# What is needed
Everything below from the line with "Cobble Lane Cured" through the line with "Lampada Barattolo Vetro" should be copied exactly, and nothing else; leave out the pictures.

# Information shown
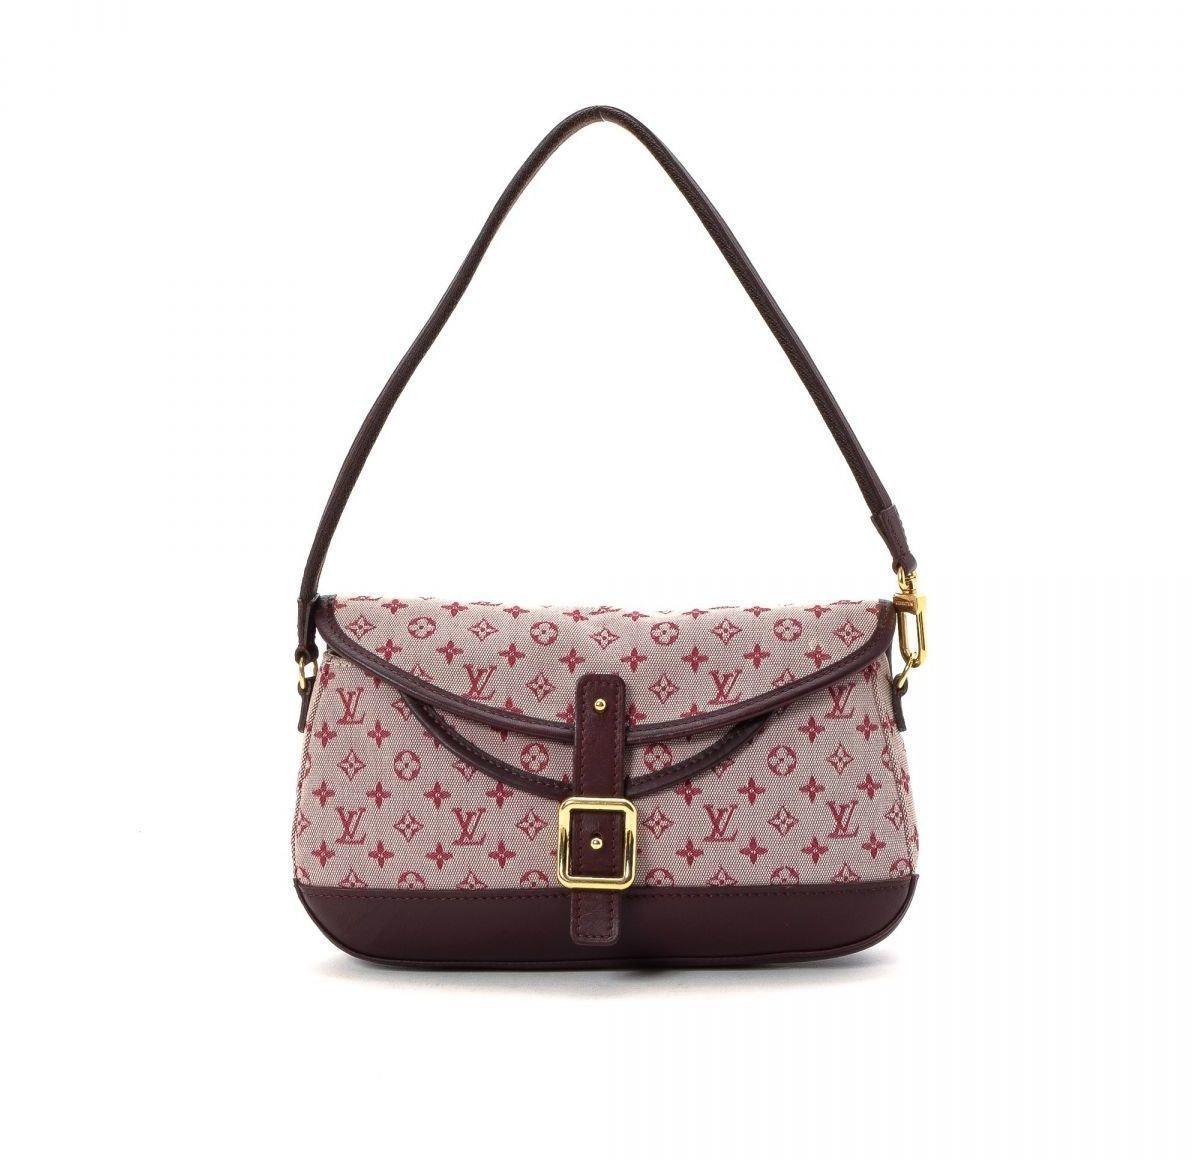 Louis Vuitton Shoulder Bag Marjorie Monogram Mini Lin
---
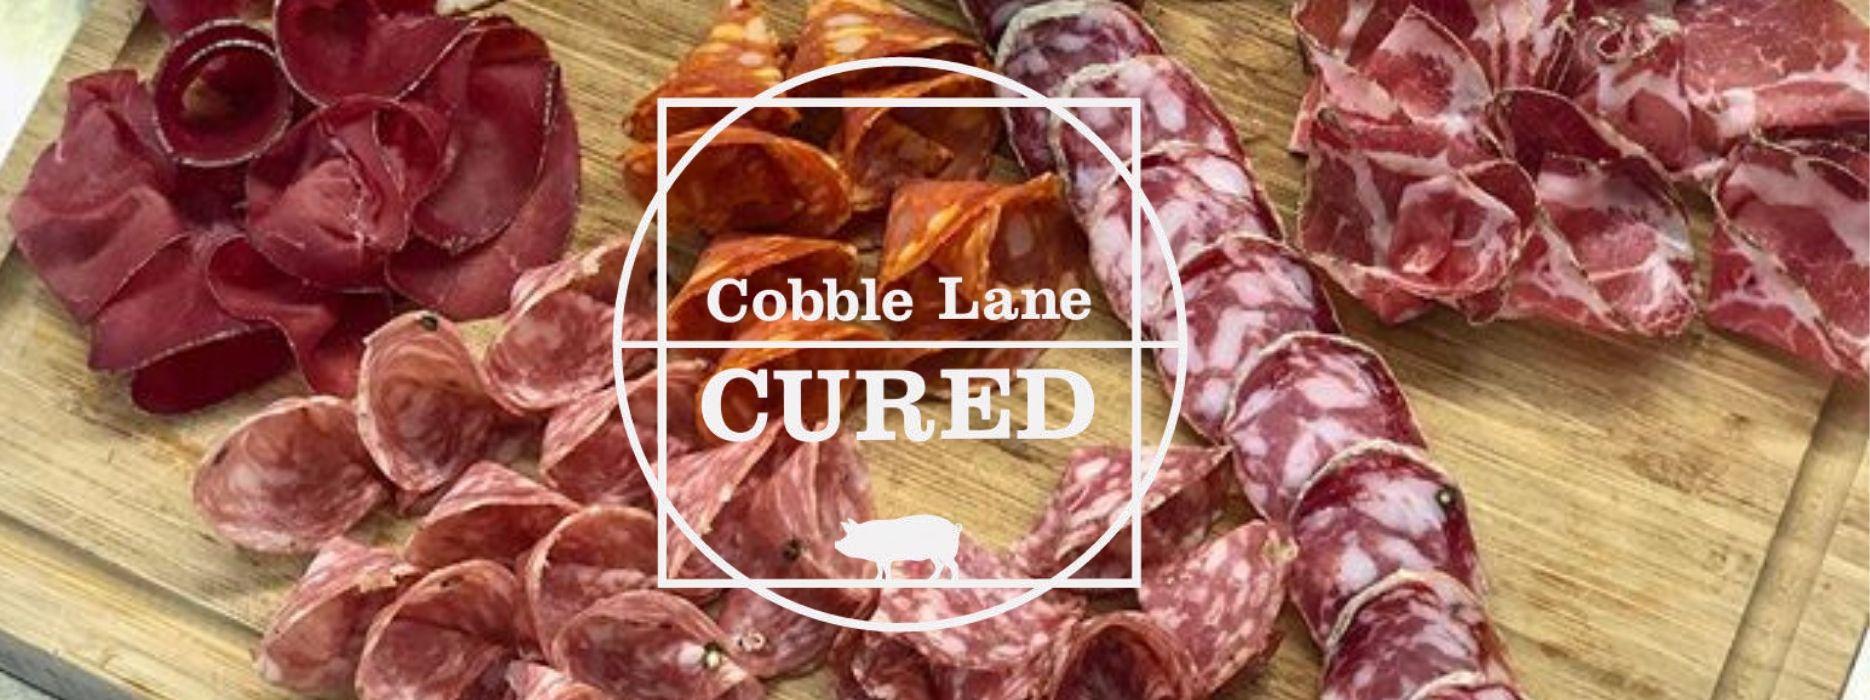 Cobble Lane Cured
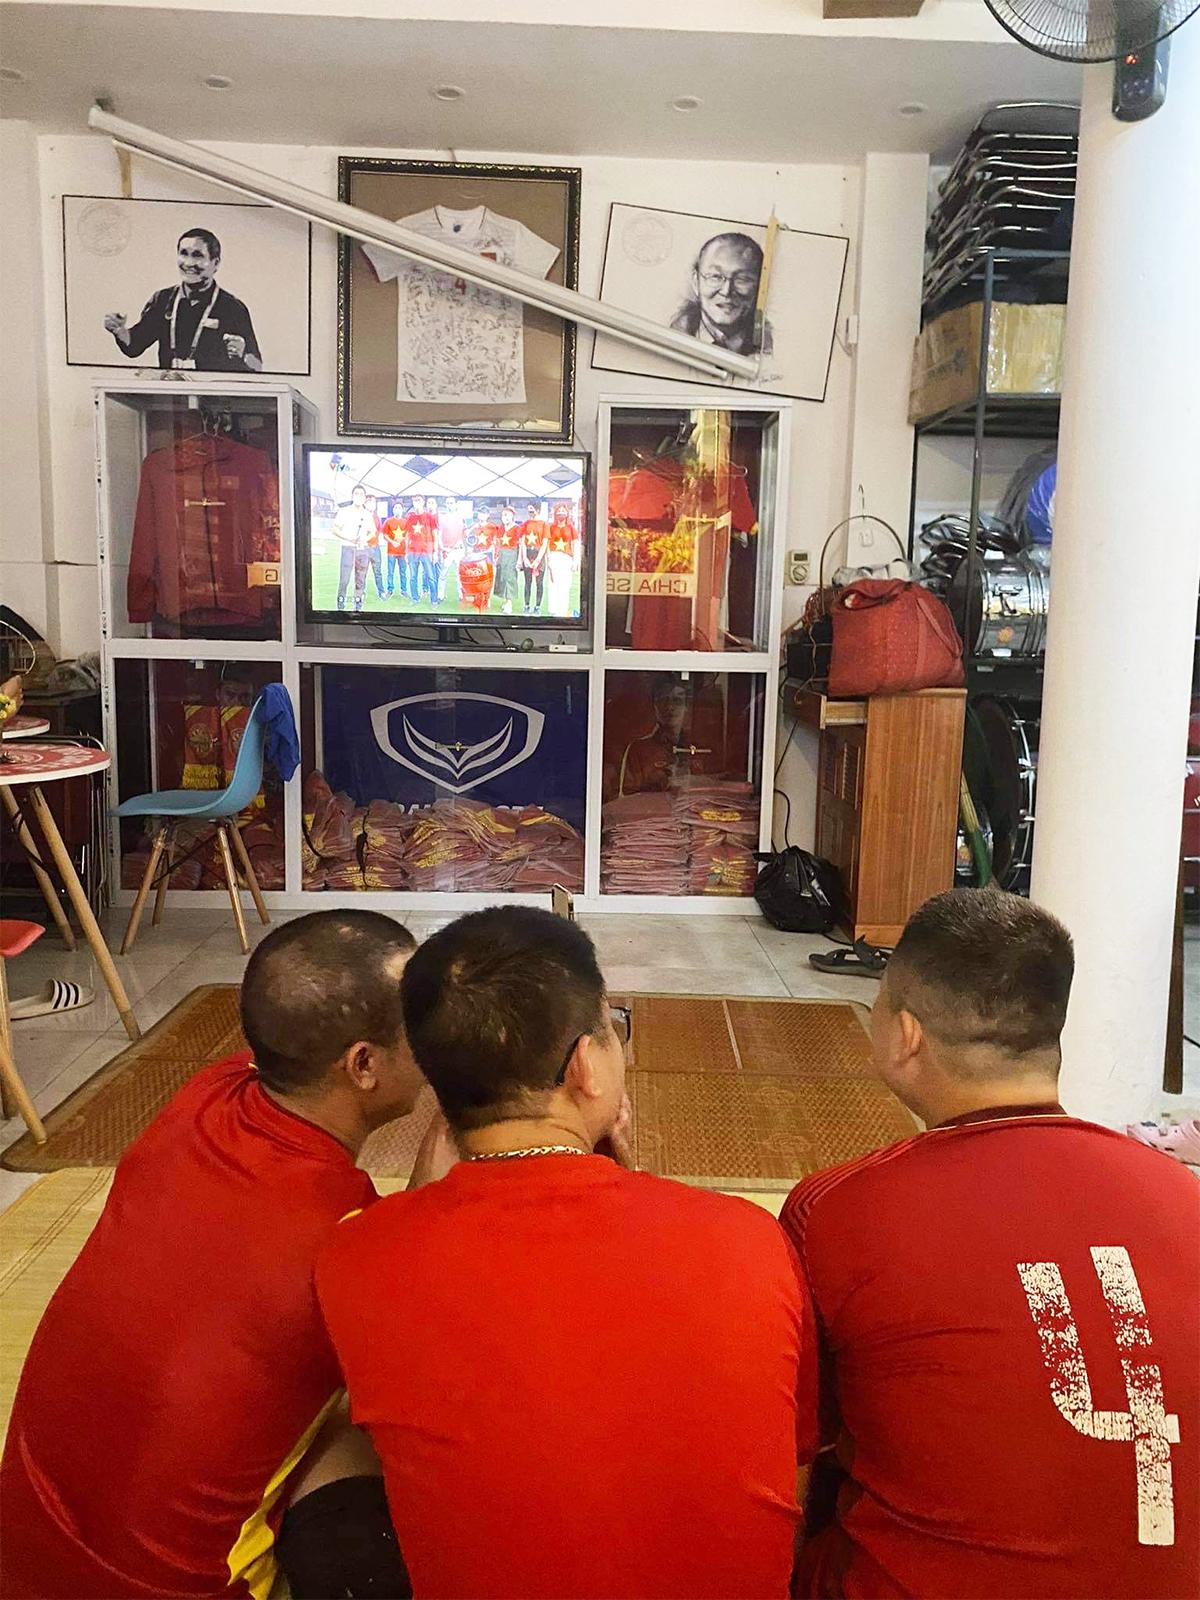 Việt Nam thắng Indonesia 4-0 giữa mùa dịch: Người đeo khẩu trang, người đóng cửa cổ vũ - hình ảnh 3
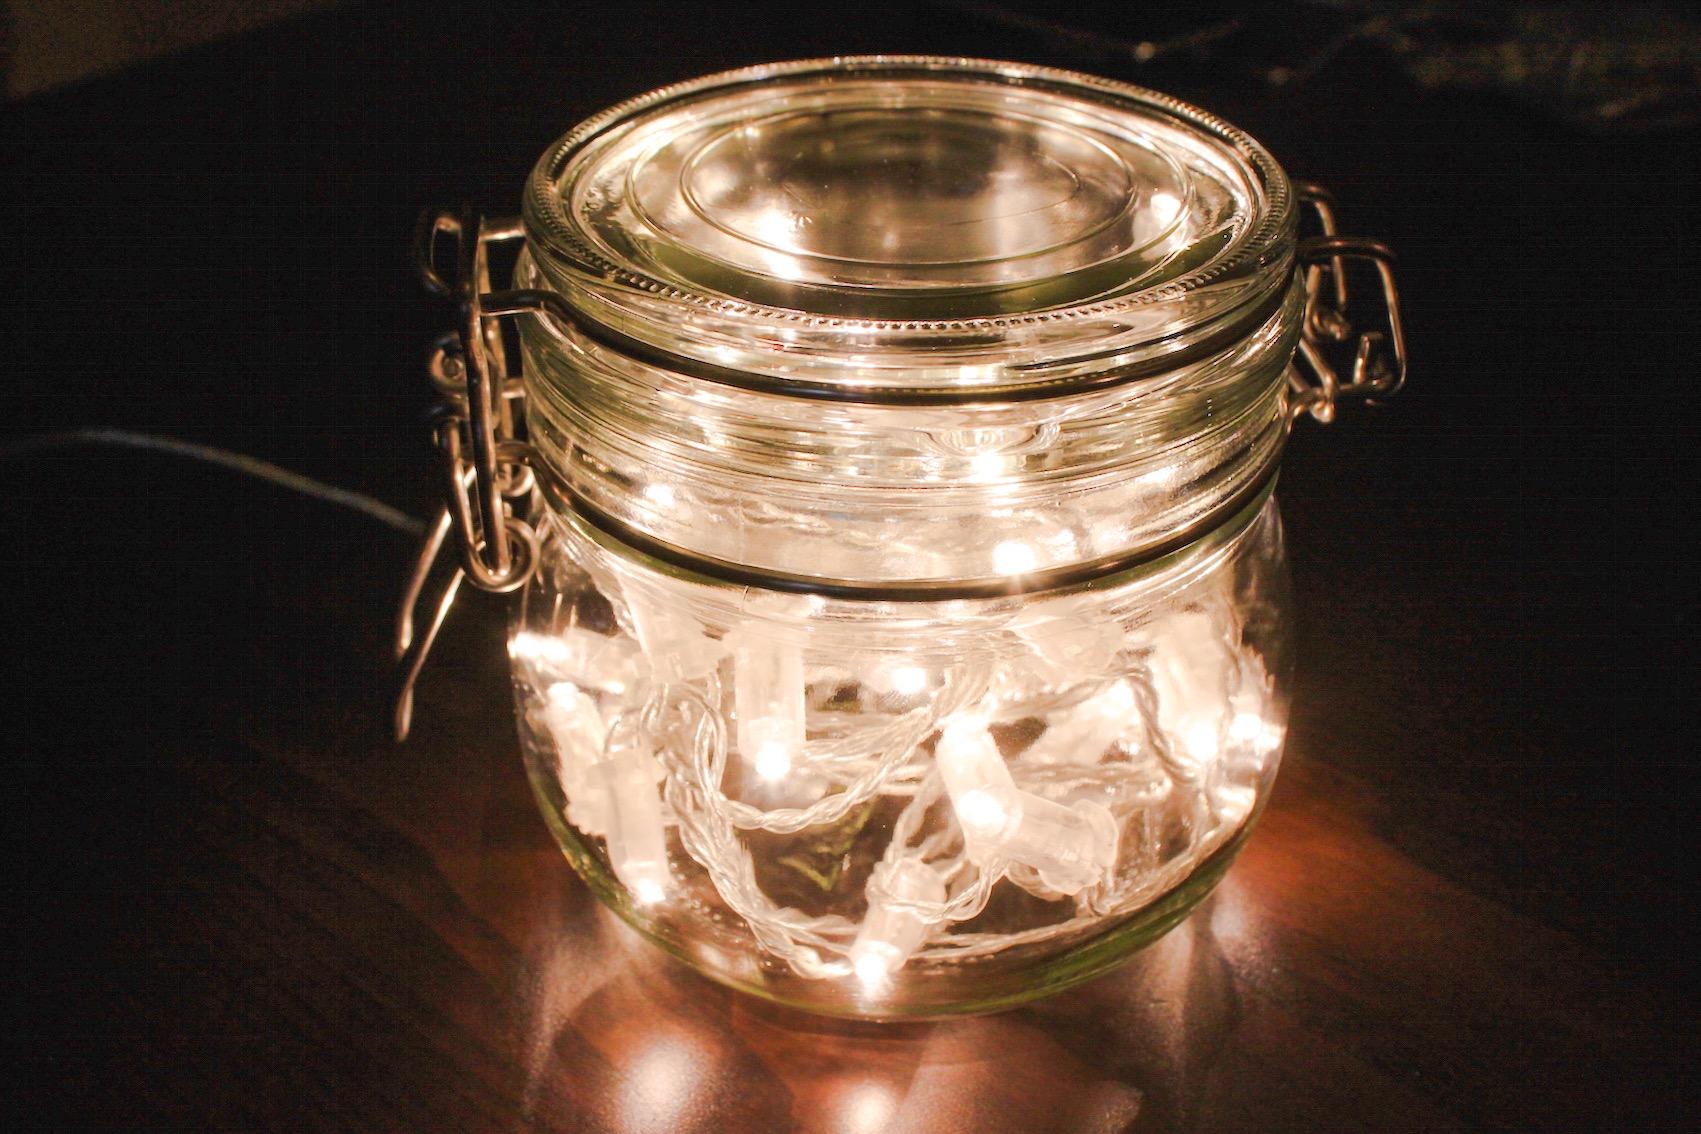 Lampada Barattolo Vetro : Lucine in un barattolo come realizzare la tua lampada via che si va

# Output below
 Cobble Lane Cured
 Việt Nam thắng Indonesia 4-0 giữa mùa dịch: Người đeo khẩu trang, người đóng cửa cổ vũ - hình ảnh 3
 Lampada Barattolo Vetro : Lucine in un barattolo come realizzare la tua lampada via che si va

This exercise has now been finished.